→ **Exercise input**
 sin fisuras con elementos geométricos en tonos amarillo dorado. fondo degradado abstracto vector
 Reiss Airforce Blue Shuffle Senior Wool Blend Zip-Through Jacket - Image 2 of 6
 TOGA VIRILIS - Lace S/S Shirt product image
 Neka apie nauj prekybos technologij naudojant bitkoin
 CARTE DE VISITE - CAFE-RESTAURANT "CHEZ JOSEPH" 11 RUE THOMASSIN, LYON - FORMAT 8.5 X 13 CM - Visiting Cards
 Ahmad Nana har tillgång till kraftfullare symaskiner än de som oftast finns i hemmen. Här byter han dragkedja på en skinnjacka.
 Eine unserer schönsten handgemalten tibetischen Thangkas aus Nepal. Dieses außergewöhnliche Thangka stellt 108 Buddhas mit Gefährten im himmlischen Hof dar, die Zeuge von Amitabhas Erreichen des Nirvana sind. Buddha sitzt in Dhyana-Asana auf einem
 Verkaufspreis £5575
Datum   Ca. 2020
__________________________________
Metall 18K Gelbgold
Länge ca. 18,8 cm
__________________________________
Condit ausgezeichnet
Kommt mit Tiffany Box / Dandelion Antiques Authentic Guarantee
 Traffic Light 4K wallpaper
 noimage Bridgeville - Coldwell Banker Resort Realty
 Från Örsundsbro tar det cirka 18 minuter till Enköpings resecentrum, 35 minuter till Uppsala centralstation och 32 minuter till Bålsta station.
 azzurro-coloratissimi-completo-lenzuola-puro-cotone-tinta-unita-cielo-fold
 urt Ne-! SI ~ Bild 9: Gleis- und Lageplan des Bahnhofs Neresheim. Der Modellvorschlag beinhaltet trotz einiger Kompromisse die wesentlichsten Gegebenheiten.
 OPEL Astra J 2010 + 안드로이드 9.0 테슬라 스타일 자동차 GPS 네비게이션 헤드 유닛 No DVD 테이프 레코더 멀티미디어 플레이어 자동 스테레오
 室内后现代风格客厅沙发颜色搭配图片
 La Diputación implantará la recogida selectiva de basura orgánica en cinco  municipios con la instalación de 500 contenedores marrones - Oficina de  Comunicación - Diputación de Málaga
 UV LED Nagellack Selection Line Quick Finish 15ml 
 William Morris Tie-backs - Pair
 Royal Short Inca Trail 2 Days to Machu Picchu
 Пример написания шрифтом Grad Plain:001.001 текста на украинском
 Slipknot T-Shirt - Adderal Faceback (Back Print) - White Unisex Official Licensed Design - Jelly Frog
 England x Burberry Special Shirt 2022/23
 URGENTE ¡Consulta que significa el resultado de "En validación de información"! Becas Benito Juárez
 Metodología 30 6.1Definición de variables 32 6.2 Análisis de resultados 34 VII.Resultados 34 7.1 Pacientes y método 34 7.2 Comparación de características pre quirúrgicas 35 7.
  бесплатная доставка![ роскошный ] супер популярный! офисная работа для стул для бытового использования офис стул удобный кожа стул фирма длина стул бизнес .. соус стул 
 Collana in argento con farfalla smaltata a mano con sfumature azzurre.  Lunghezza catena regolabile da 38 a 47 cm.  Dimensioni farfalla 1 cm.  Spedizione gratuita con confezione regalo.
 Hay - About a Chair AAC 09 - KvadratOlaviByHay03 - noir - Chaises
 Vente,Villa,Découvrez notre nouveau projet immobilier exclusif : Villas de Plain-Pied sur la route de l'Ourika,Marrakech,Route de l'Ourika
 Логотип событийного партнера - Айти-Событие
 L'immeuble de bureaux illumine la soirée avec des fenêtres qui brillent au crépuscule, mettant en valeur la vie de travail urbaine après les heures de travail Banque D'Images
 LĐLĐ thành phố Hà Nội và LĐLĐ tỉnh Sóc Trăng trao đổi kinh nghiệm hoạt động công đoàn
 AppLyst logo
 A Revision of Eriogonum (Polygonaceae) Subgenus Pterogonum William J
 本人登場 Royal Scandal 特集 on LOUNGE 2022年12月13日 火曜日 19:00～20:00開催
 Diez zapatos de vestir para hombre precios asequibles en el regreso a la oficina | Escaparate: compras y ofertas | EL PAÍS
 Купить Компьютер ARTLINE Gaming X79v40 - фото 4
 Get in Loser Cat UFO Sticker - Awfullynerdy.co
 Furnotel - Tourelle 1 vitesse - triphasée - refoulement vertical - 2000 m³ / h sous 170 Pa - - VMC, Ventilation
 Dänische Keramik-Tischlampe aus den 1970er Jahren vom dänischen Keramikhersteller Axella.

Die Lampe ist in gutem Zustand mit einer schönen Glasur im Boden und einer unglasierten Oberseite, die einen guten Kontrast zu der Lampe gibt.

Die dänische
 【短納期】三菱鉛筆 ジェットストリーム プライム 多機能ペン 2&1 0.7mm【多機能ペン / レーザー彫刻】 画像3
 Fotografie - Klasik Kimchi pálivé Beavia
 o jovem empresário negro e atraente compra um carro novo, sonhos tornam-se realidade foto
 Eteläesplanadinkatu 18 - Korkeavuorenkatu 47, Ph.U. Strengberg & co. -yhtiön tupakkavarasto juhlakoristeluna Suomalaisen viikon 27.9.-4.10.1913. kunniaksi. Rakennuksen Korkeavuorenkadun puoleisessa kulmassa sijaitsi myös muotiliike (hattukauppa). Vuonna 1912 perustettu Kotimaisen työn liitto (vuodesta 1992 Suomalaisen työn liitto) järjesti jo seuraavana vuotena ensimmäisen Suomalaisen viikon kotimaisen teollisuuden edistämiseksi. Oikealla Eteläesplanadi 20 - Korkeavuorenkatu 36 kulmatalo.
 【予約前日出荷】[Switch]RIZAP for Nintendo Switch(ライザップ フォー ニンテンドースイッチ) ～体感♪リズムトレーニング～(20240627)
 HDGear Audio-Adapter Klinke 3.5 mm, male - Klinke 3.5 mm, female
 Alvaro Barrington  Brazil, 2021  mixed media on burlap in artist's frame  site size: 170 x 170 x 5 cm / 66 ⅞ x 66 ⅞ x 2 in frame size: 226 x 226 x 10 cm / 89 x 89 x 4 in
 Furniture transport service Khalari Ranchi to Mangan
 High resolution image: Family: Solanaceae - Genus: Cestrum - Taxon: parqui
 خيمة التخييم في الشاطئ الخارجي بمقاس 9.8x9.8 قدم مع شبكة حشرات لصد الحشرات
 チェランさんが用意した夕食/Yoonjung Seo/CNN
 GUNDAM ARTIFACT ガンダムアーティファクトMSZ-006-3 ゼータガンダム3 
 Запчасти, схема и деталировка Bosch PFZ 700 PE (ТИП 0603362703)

→ **Task instructions**
Where does the word "William" appear in the material above? Copy every line that holds it.

→ **Result**
 William Morris Tie-backs - Pair
 A Revision of Eriogonum (Polygonaceae) Subgenus Pterogonum William J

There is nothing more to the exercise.